Lead scoring based on the principles of predictive analytics is the definition of the fact, which customers are ideal for working and the construction of a simple lead score based on these facts.
Essentially, while lead generation is the activity of acquiring the contact information of prospective buyers, lead scoring models are primary components of the process that assist businesses in sorting the leads. In the use of predictive analytics, it is possible to ascertain the scoring models of the leads that are likely to deliver, and therefore, these models are likely to be good and quite effective.

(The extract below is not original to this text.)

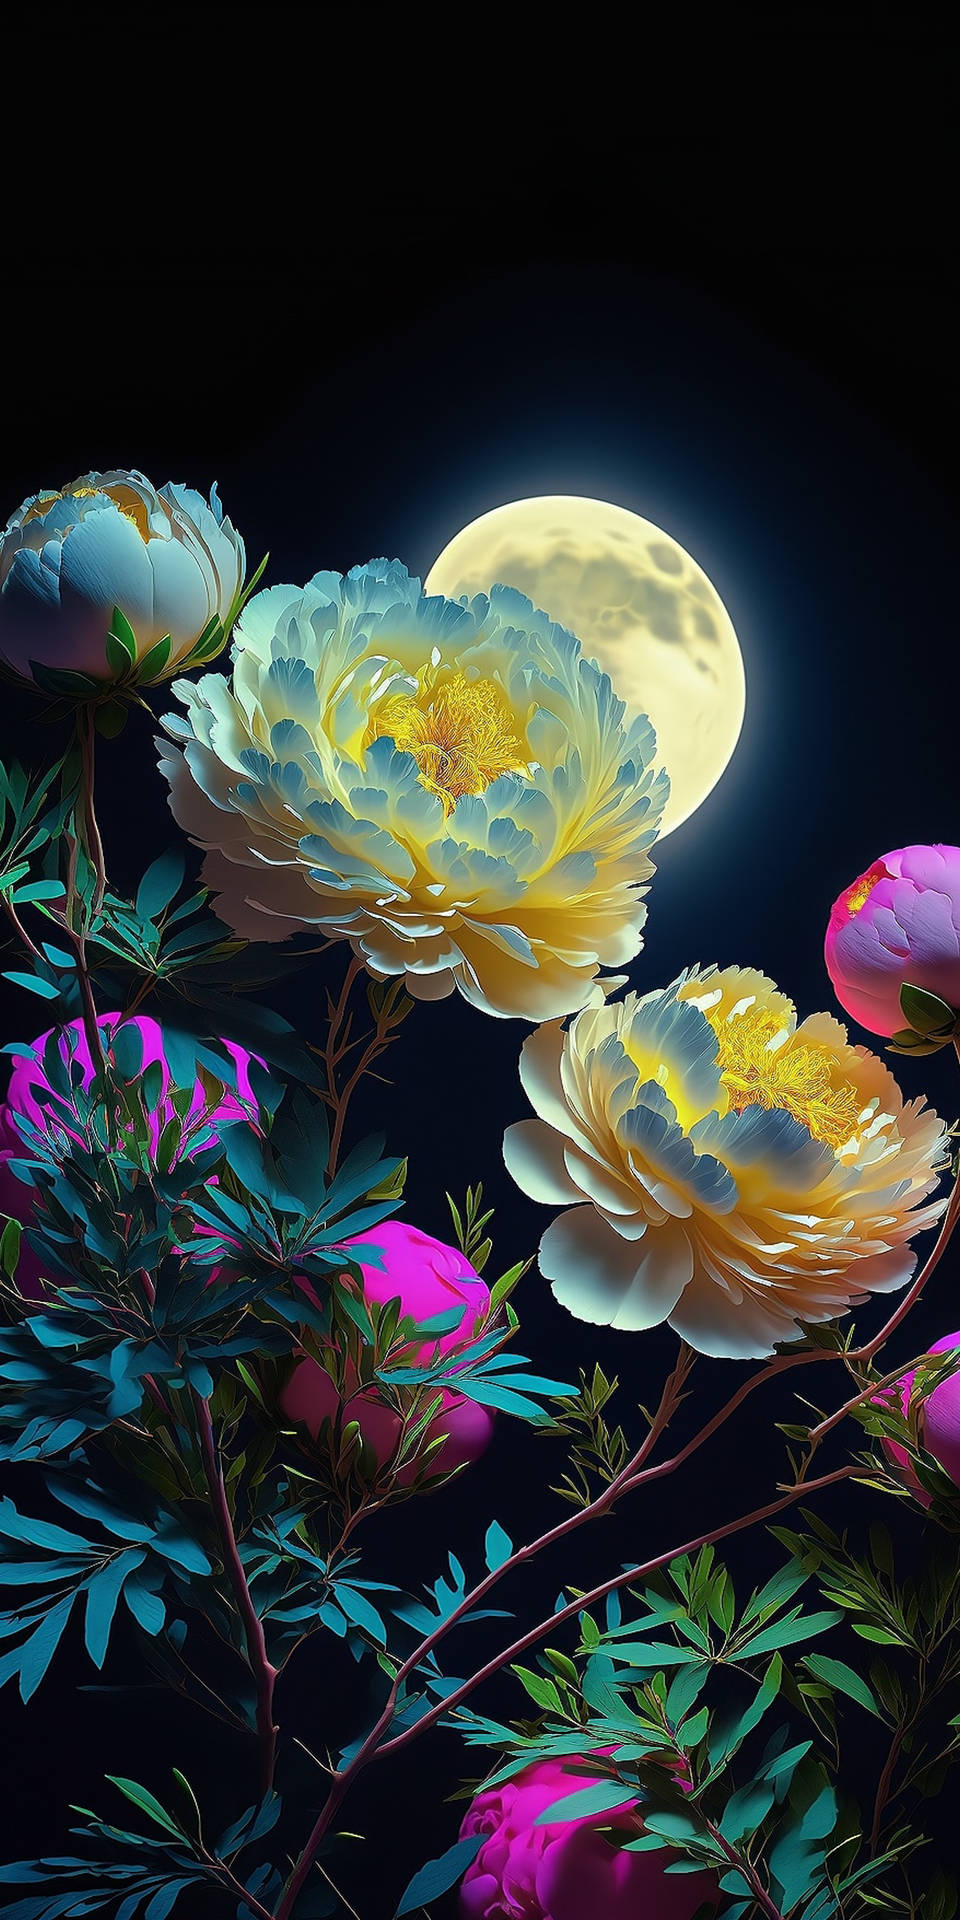 Share more than 141 night flower wallpaper latest

To make the lead scoring model for the companies with the kind of data that will really predict enough leads, one has to identify major factors the most linked to the customer acquisition first. The variables, which can be employed for the assessment of customer preferences, includes website activity, and customer’s age, gender, buying histories etc.
Once the factors have been identified, the businesses can use the technique of data mining to assign to the leads a likelihood of a customer based on the extent to which they mirror the ideal customer.
The scoring model can be updated, improved over time as more data emerges, and the model changes due to the shift in customers’ behavior, and therefore, the businesses can adapt their marketing techniques based on the results of the improved scoring model and drive customers to the targeted marketing segment. Marketing automation applied to the creation of lead scoring models helps businesses understand their customers better and focus their energy on leads that stand a higher likelihood of culminating in a sale—a key to increasing the probability of success of a lead generation strategy.